Но ежели сыны Туре тщатся доказать, будто Улав и Ингунн никогда не были обручены, согласно закону, и ежели они не смогут сговориться ныне с опекунами Улава о достойном примирении, то совершенно ясно, что им должно призвать юношу к ответу в мирском суде. И тогда епископ передаст Ингунн в их руки, а они смогут наказать ее по своему разумению, как она того заслуживает, и разделить ее долю наследства меж сестрой и братьями. Затем же родичам следует взять ее на хлеба и положить ей содержание, какое они сочтут нужным. Но сам он, епископ Турфинн, велит возвестить по всем епископствам Норвегии, что Улав и Ингунн не смеют взять себе в супруги никого другого до самой смерти, дабы и третий не впал в греховное прелюбодеяние, получив в мужья или в жены мужчину или женщину, уже связанных брачными узами, согласно законам святой церкви.

Последние слова епископа перетянули на чаше весов – так считали Арнвид и Асбьерн.
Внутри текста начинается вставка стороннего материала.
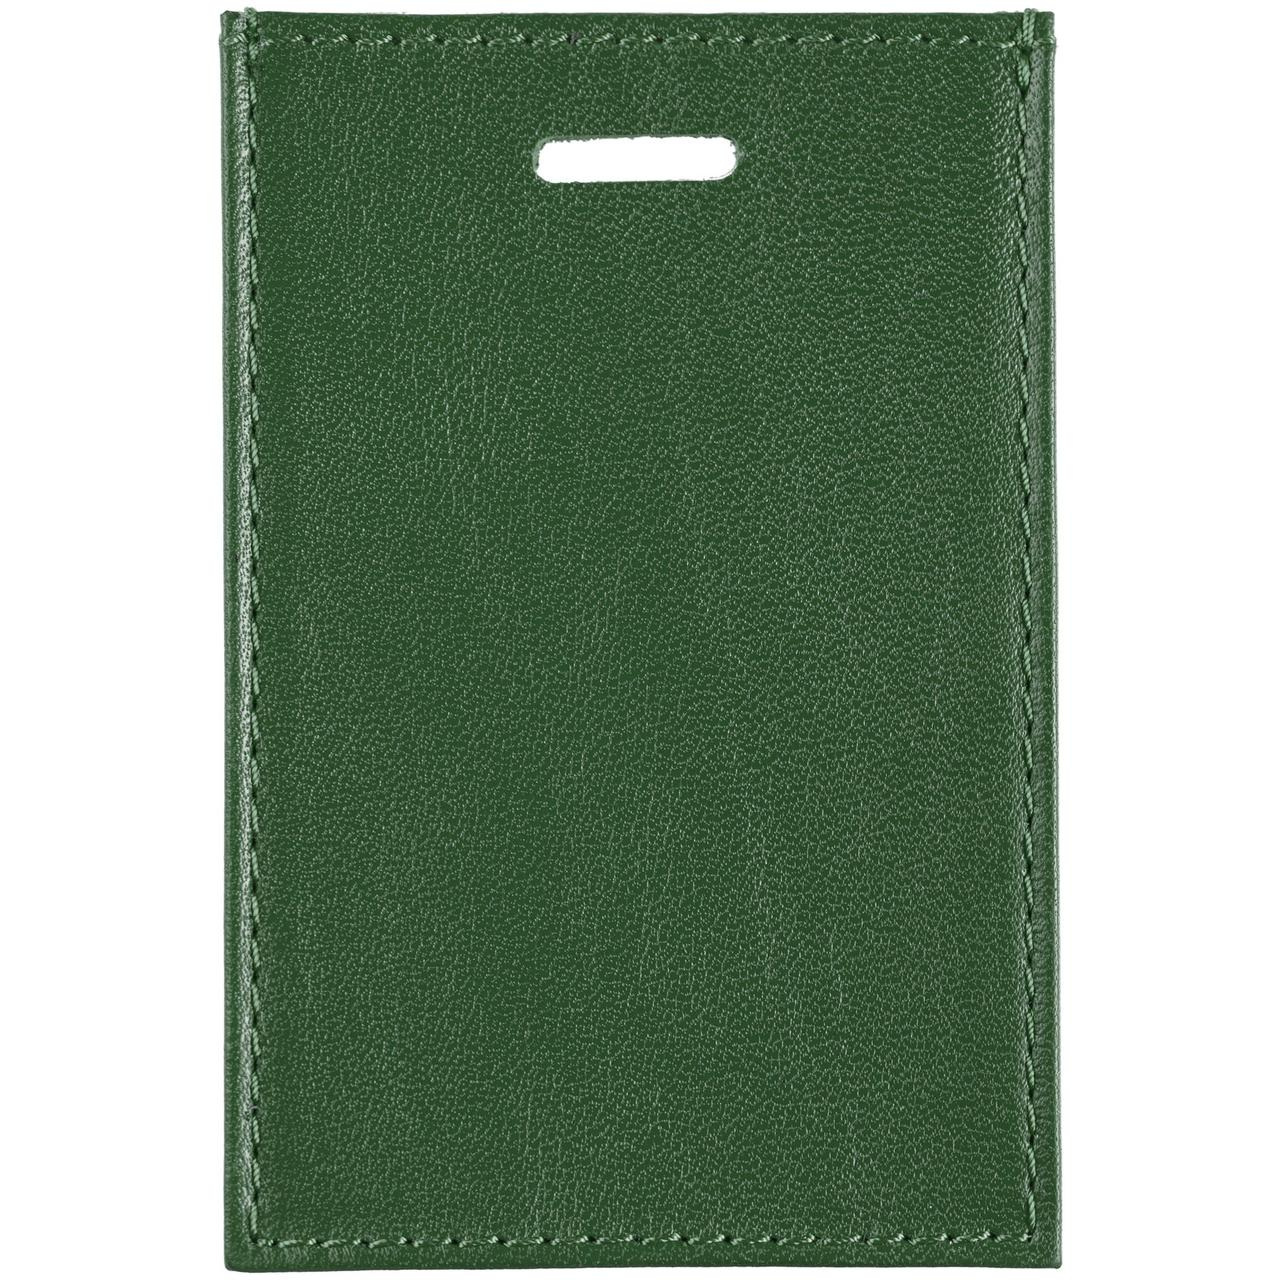 Чехол для карточки Apache, зеленый (артикул 7199.90)

Дядья потеряли охоту брать к себе Ингунн, узнав, что она вечно будет у них на хлебах и им не избавиться от нее, выдав замуж. Колбейн долго и величественно толковал о том, что Улав, сын Аудуна, знал, каково мнение его и Ивара об этой помолвке; у них-де были намерения по-иному распорядиться судьбой Ингунн. Но под конец из уважения к епископу он обещал пойти на примирение. Однако же об условиях этого примирения не желал говорить до тех пор, покуда не выяснится, каков был старый уговор меж отцами жениха и невесты. И покуда он, Колбейн, не повидается с Инголфом, сыном Хельге из Твейта, или с кем бы то ни было из родичей Улава, которые ныне имеют полномочия вести переговоры от имени юноши. Епископ намекнул: ныне со всей достоверностью установлено, что тогда, мол, на тинге было совершено sponsalia de future [предварительное обручение (лат.)]. И ежели только сыны Туре дадут свое согласие на то, что уже свершилось, Улав сможет вести переговоры самостоятельно, и тогда они наверняка найдут в нем весьма уступчивого родича. На это Колбейн никак не хотел соглашаться; они, мол, не собираются околпачивать неискушенного юношу, а требуют – пусть им предоставят возможность вести переговоры с родичами Улава, дабы закончить это дело как подобает, с честью и для них, и для их родственницы.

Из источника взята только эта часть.